Paul Rogers edited comment on DRILL-5529 at 5/19/17 9:20 PM:
-------------------------------------------------------------

Demonstration of failure case for {{VarCharVector}}. Code similar to above.

{code}
    VarCharVector.Mutator mutator = vector.getMutator();
    byte[] value = makeValue( "foo" );
    mutator.setSafe(0, value, 0, value.length);

    value = makeValue("bar");
    mutator.setSafe(2, value, 0, value.length);
{code}

Result is vector corruption:

{code}
Offsets: [0 3 0 3]
Data: [b a r]
{code}

The actual result is different from that suggested earlier because the mutator is for row 3 is looking in the offset for row 2 to find the start position. Since the start is 0, data was written at 0, overwriting the value at 1. This is an even more serious data corruption than the invalid offsets.

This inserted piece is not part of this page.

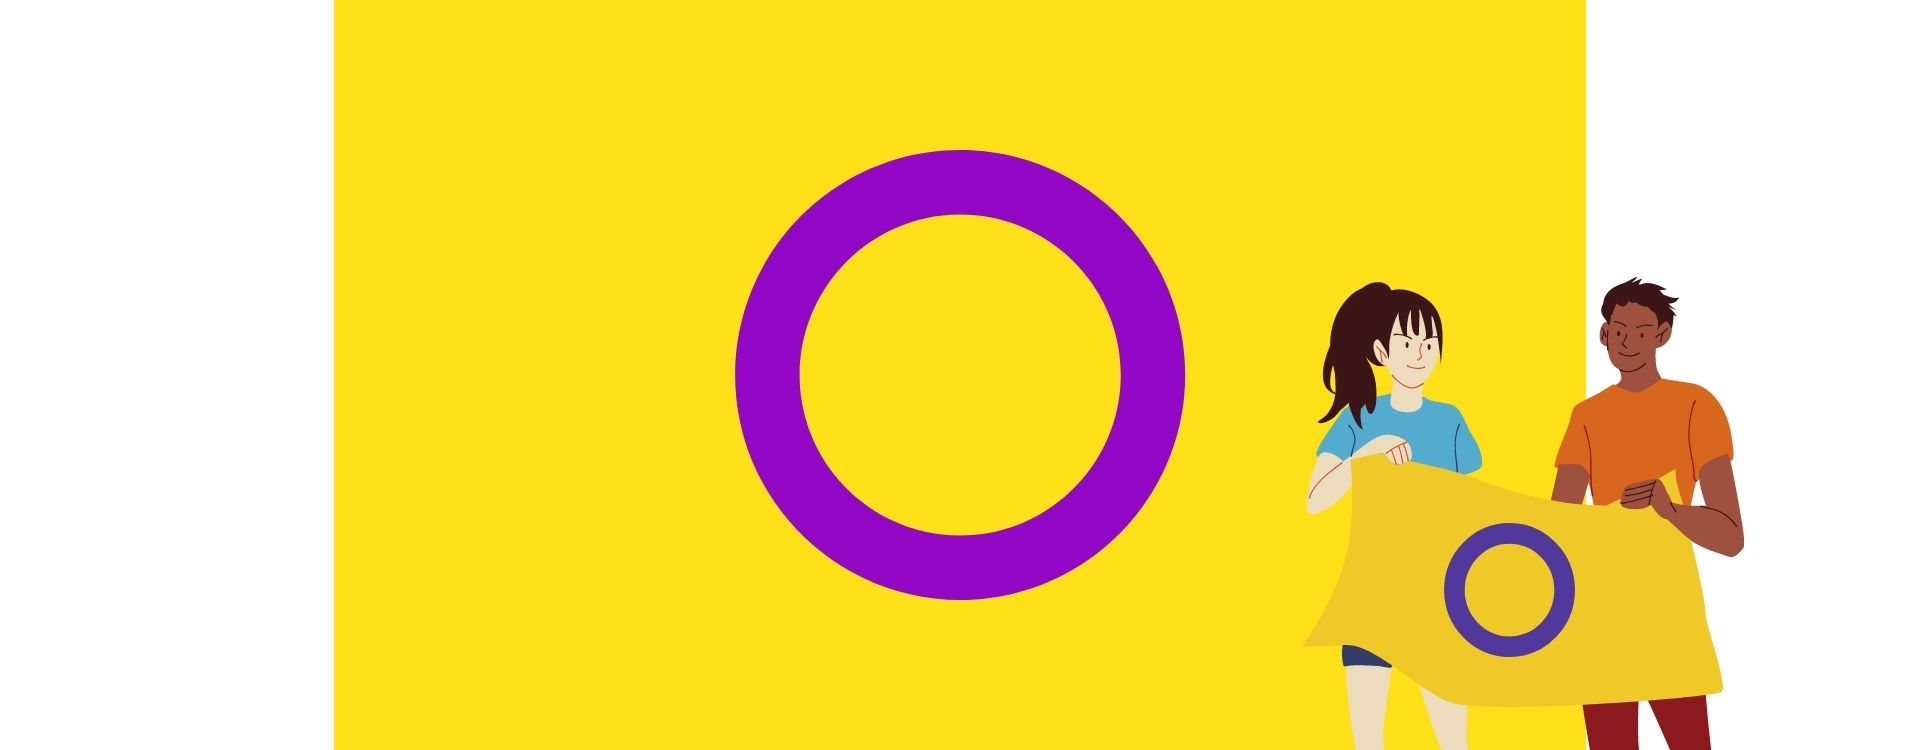 Intersex - what is rainbow flag

was (Author: paul-rogers):
Demonstration of failure case for {{VarCharVector}}. Code similar to above. Result is vector corruption:

{code}
    VarCharVector.Mutator mutator = vector.getMutator();
    byte[] value = makeValue( "foo" );
    mutator.setSafe(0, value, 0, value.length);

    value = makeValue("bar");
    mutator.setSafe(2, value, 0, value.length);
{code}

Results:

{code}
Offsets: [0 3 0 3]
Data: [b a r]
{code}

The actual result is different from that suggested earlier because the mutator is for row 3 is looking in the offset for row 2 to find the start position. Since the start is 0, data was written at 0, overwriting the value at 1. This is an even more serious data corruption than the invalid offsets.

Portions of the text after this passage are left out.